A bank's ability to earn money affects its safety and soundness. A bank can retain its earnings, expanding its capital buffer, or put them to work addressing problematic loans, likely making the bank better able to withstand financial trouble. Losses, on the other hand, reduce a bank's ability to do those things.

On Bankrate's earnings test, The Liberty National Bank in Paris scored 12 out of a possible 30, failing to reach the national average of 15.12.

One key measure of a bank's earnings is return on equity, calculated by dividing net income (essentially profit) by total equity. The most recent annualized quarterly return on equity for The Liberty National Bank in Paris was 5.65 percent, below the national average of 8.10 percent.

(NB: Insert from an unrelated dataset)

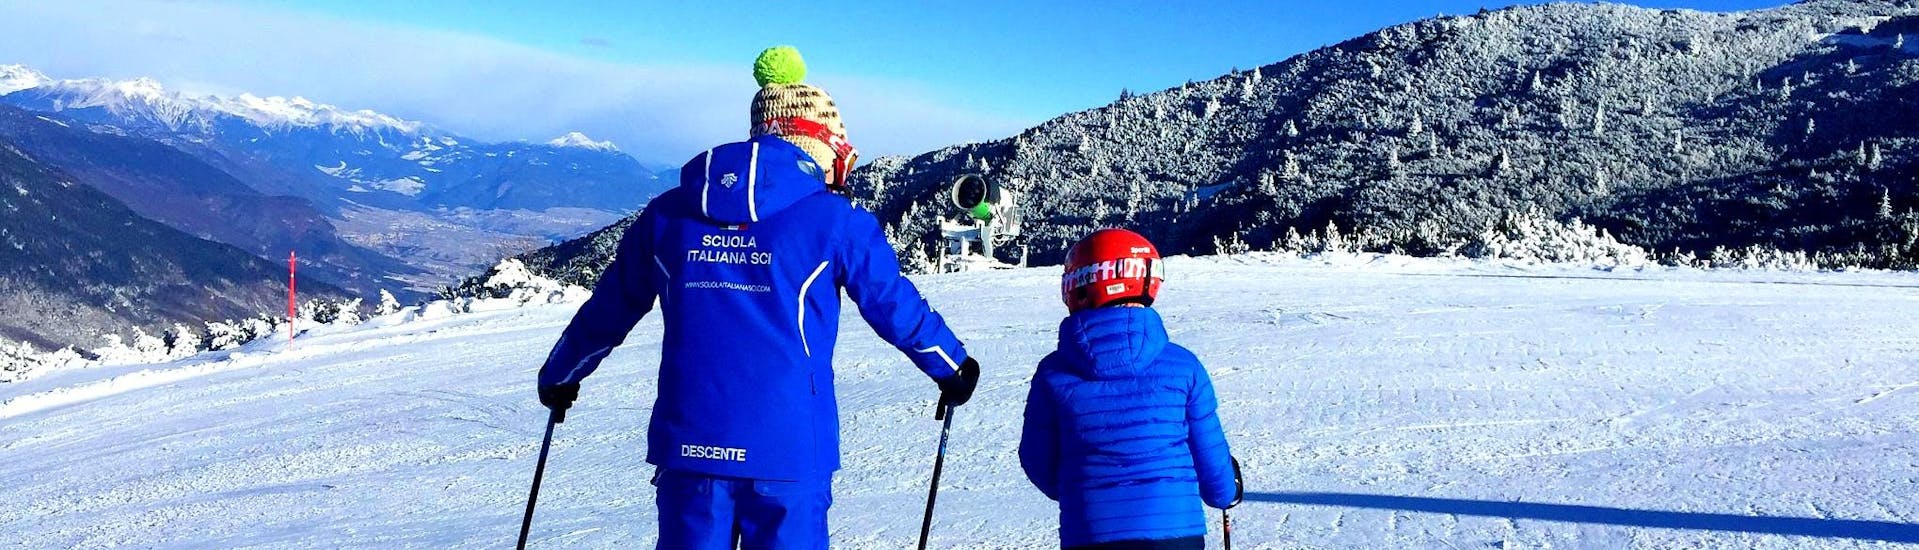 Skileraar legt de techniek uit aan een kind in Andalo tijdens een van de privé skilessen voor kinderen van alle niveaus.
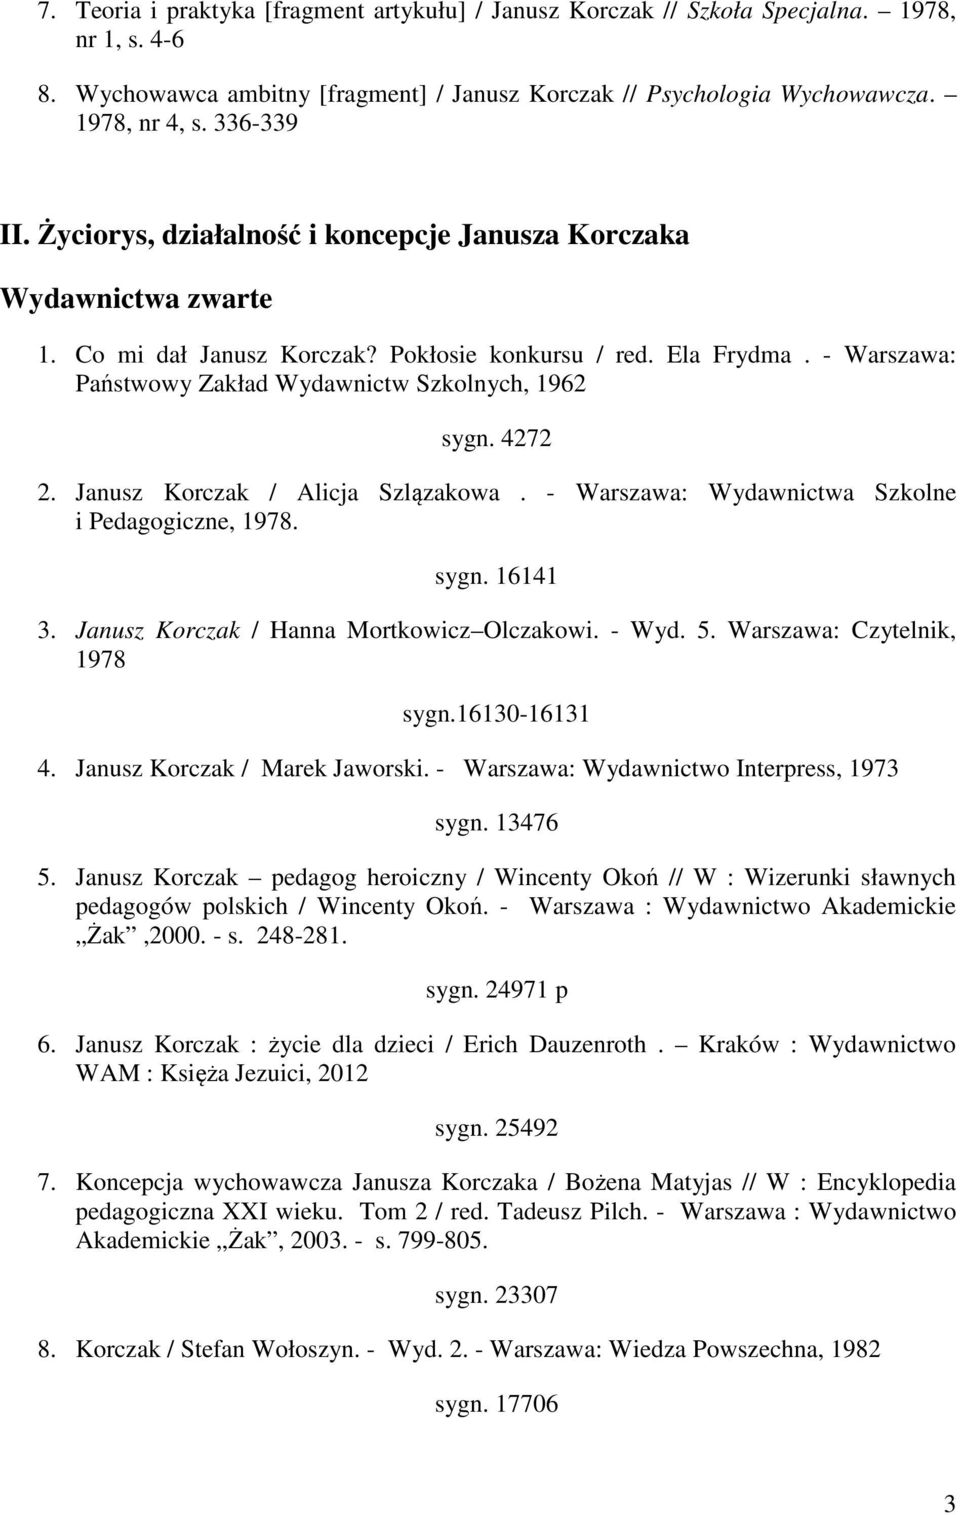 - Warszawa: Państwowy Zakład Wydawnictw Szkolnych, 1962 sygn. 4272 2. Janusz Korczak / Alicja Szlązakowa. - Warszawa: Wydawnictwa Szkolne i Pedagogiczne, 1978. sygn. 16141 3.

For the twelve months ended December 31, 2017, the bank earned net income of $2.6 million on total equity of $45.0 million. The bank reported an annualized return on average assets, or ROA, of 0.93 percent, below the 1 percent deemed satisfactory in accordance with industry standards and below the average for U.S. banks of 1.00 percent.

WHAT IS SAFE & SOUND?

Bankrate.com's Safe & Sound Ratings provide a star rating system to evaluate the current financial status of financial institutions. The information gathered about banks, credit unions and thrifts is updated as set forth in the Terms of Use of Safe & Sound Ratings and Reports. The Safe & Sound Ratings information is grouped by categories of banks, thrifts and credit unions.

Scoring methodology

Bankrate.com evaluates the financial condition of institutions and assigns a one- to five-star rating for each with five stars representing the highest rating. Institutions with satisfactory performance will generally receive a rating of three or more stars. The majority of institutions fall into the three- to four-star range. An institution with an "NR" rating may be too new to rate or may have limited the publicly available information in their regulatory filings. The "NR" is not an indication of financial strength or weakness. The Safe & Sound rating is believed to be reliable, but the information is not guaranteed. In addition, events since the information was collected may have altered the institution's financial condition.